Hi @prasad @simonbasle @daschl.

Please take a look at this. The user is seeing good performance via HTTP and slowdown via Java SDK.

simonbasle · September 12, 2016, 8:45am

@mlblount45 can you share the code you’re using for that query? is it still the count(*) query from your original post?

I’m also interested in the way you open the Bucket object from which you run the query (since it’s a different bucket from the one you’re using).

Have you been running curl from a machine inside the cluster, or from the client instance machine?

Lastly, it could be useful if you could provide an example of what the N1QL response looks like in cbq, see if there is something in there that could make the parser fail ):

mlblount45 · September 15, 2016, 7:18am

This was moved to a private discussion but here is the Gist…

From me
"Looks like I may have found the Issue … it has to do with the parameterization of the values in the IN clause I made [changes hardcoding the in clause values] and the query was able to run as fast as CBQ. is my only option to drop parameterizing? as I said before I even get this bug in sdk 2.3.3 so its there on latest as well…"

From simon
if you saw that behavior with curl, then it is not a SDK bug (which relieves me ) but rather something on the server side, either on the index service or query service. So it’s not unexpected that even the latest SDK would display the bug.

good news is you have a workaround (don’t use parameterized for IN clause).

maybe we can move the discussion back into the public topic? report there that you found the IN clause in a parameterized query was causing a timeout, even when querying via curl?
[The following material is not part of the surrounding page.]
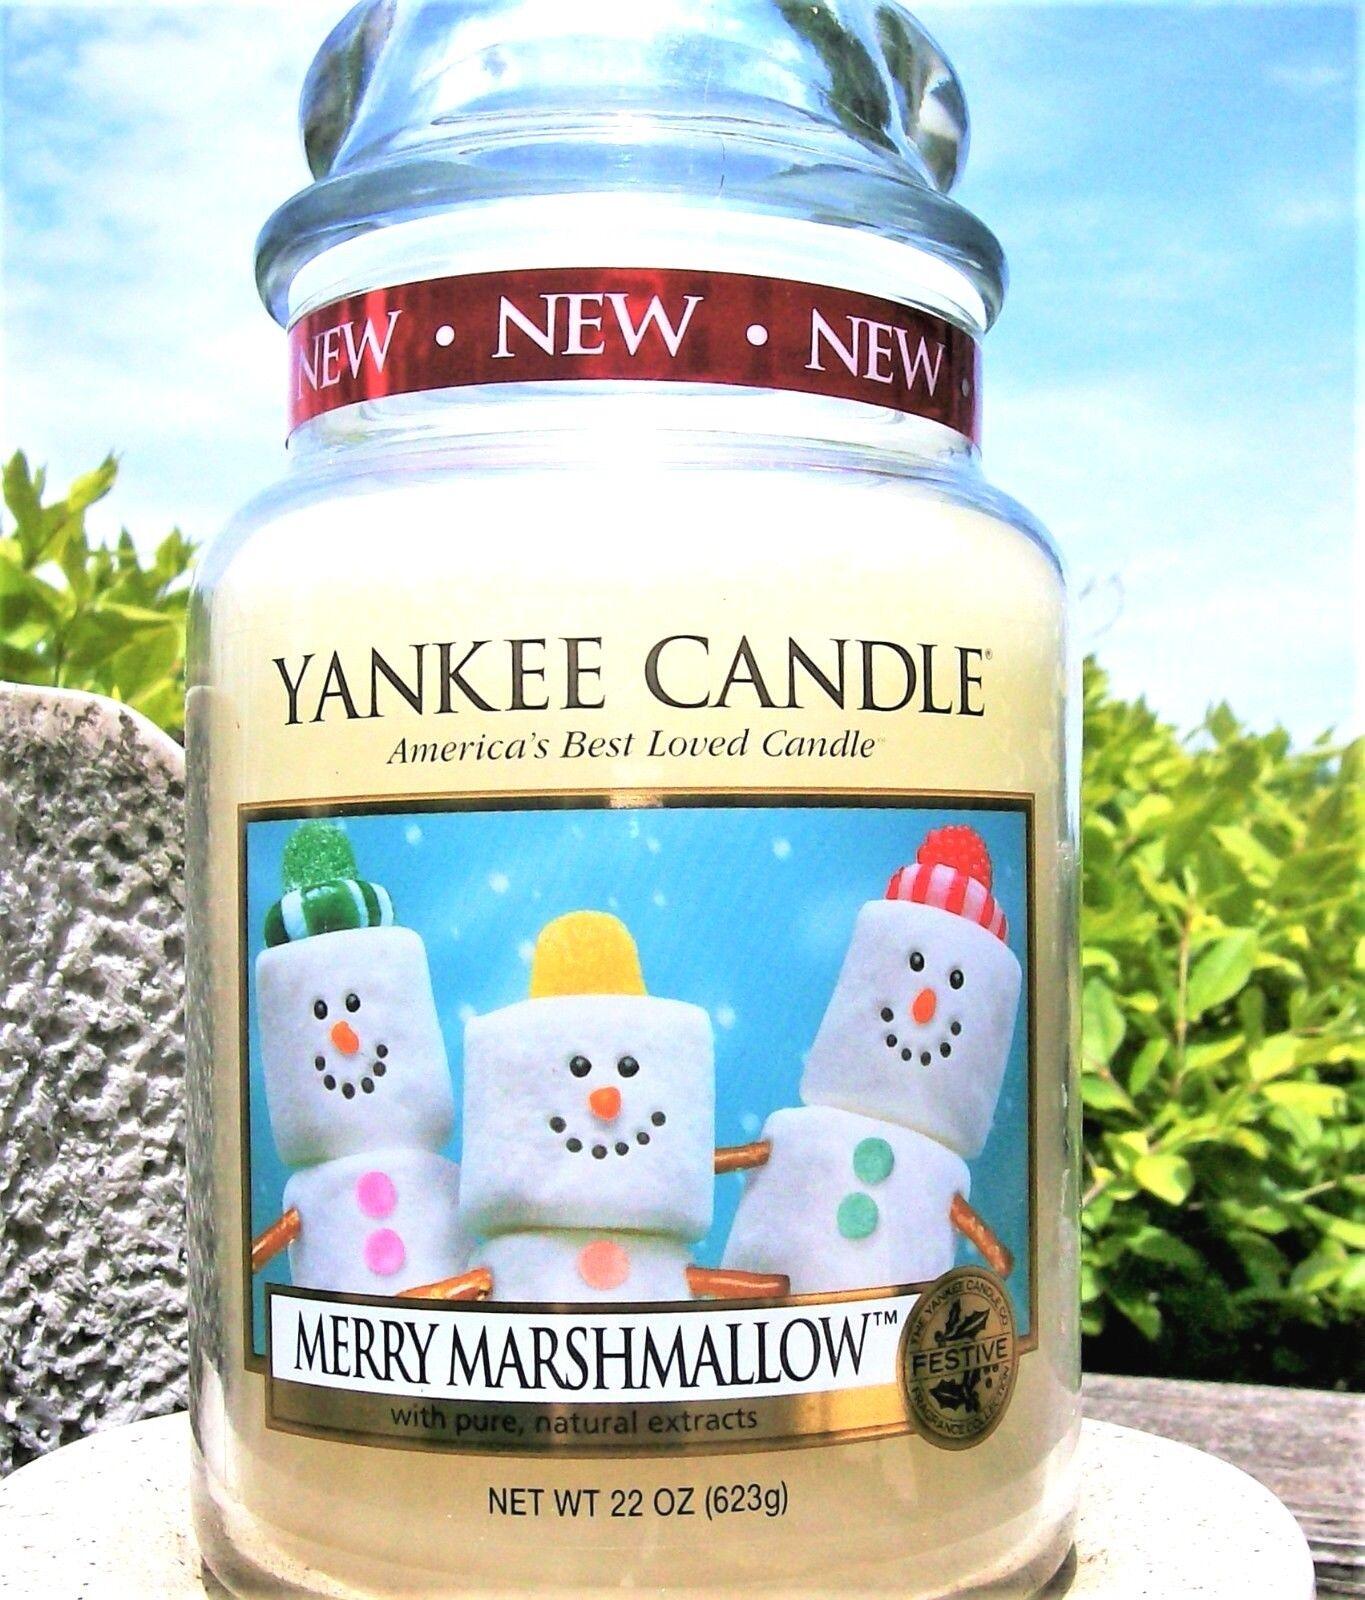 Yankee Candle Retirot  MERRY MARSHMALLOW  Festive 22 oz Weiß LABEL RARE  NEW
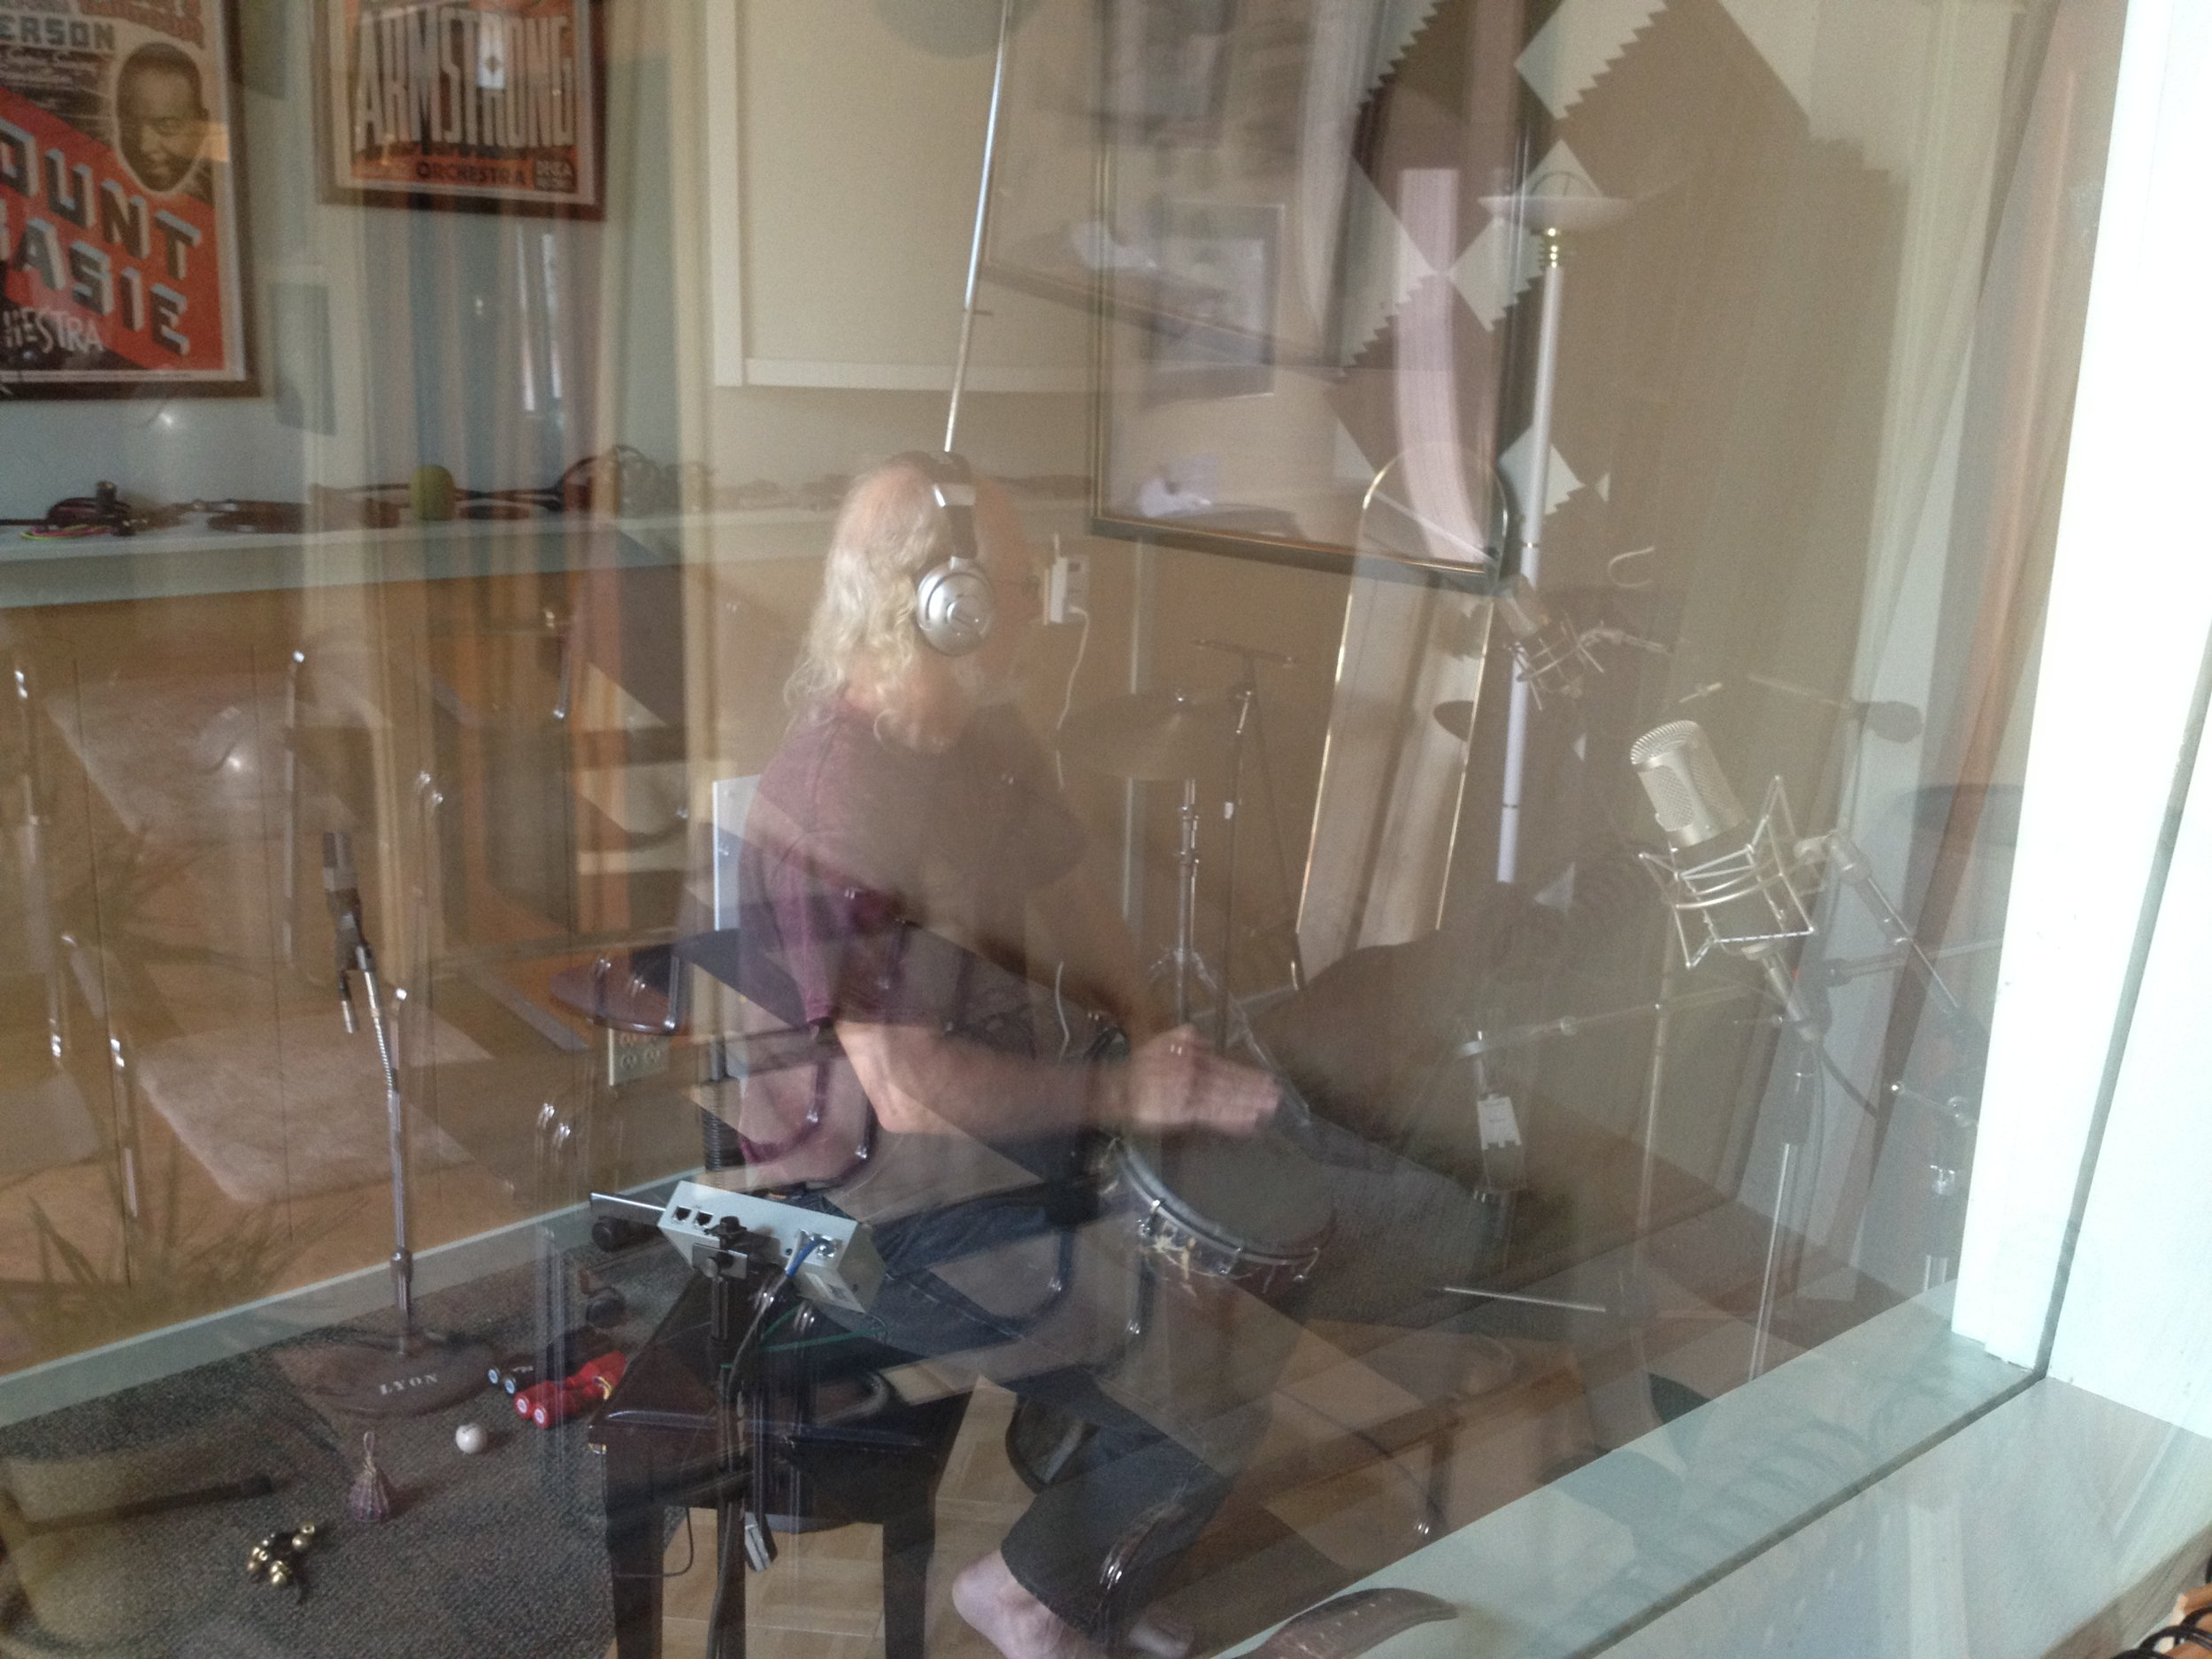 Ian on Doumbek at the Banquet Sound Studios

_prasad _geraldss _keshav_m it sounds like a bug to me doesn’t it?

From marcog
"the underlying issue is that once you put the IN values in a parameter, the optimiser can’t assume the IN clause only has one value.
Since experienceId leads the index, we can only use an equality to travel down the index and start counting the keys that apply because we would have to skip and scan.
I would suggest creating the index as (docType, publishTimestamp, parentMsgId), that way we can still scan the index on the conditions set on docType, publishTimestamp, and apply the filter on experienceId later on in the pipeline."

Final outcome:
I took marcos suggestion and moved the parentMsgId to the end of the indexed fields. This bought me a small performance but in order to solve the bigger problem I had to remove the parameterization from the IN clause. This Optimized my queries from about 700 Seconds to 16 seconds.

geraldss · September 15, 2016, 5:55pm

What is your target performance number? Let’s get it to that…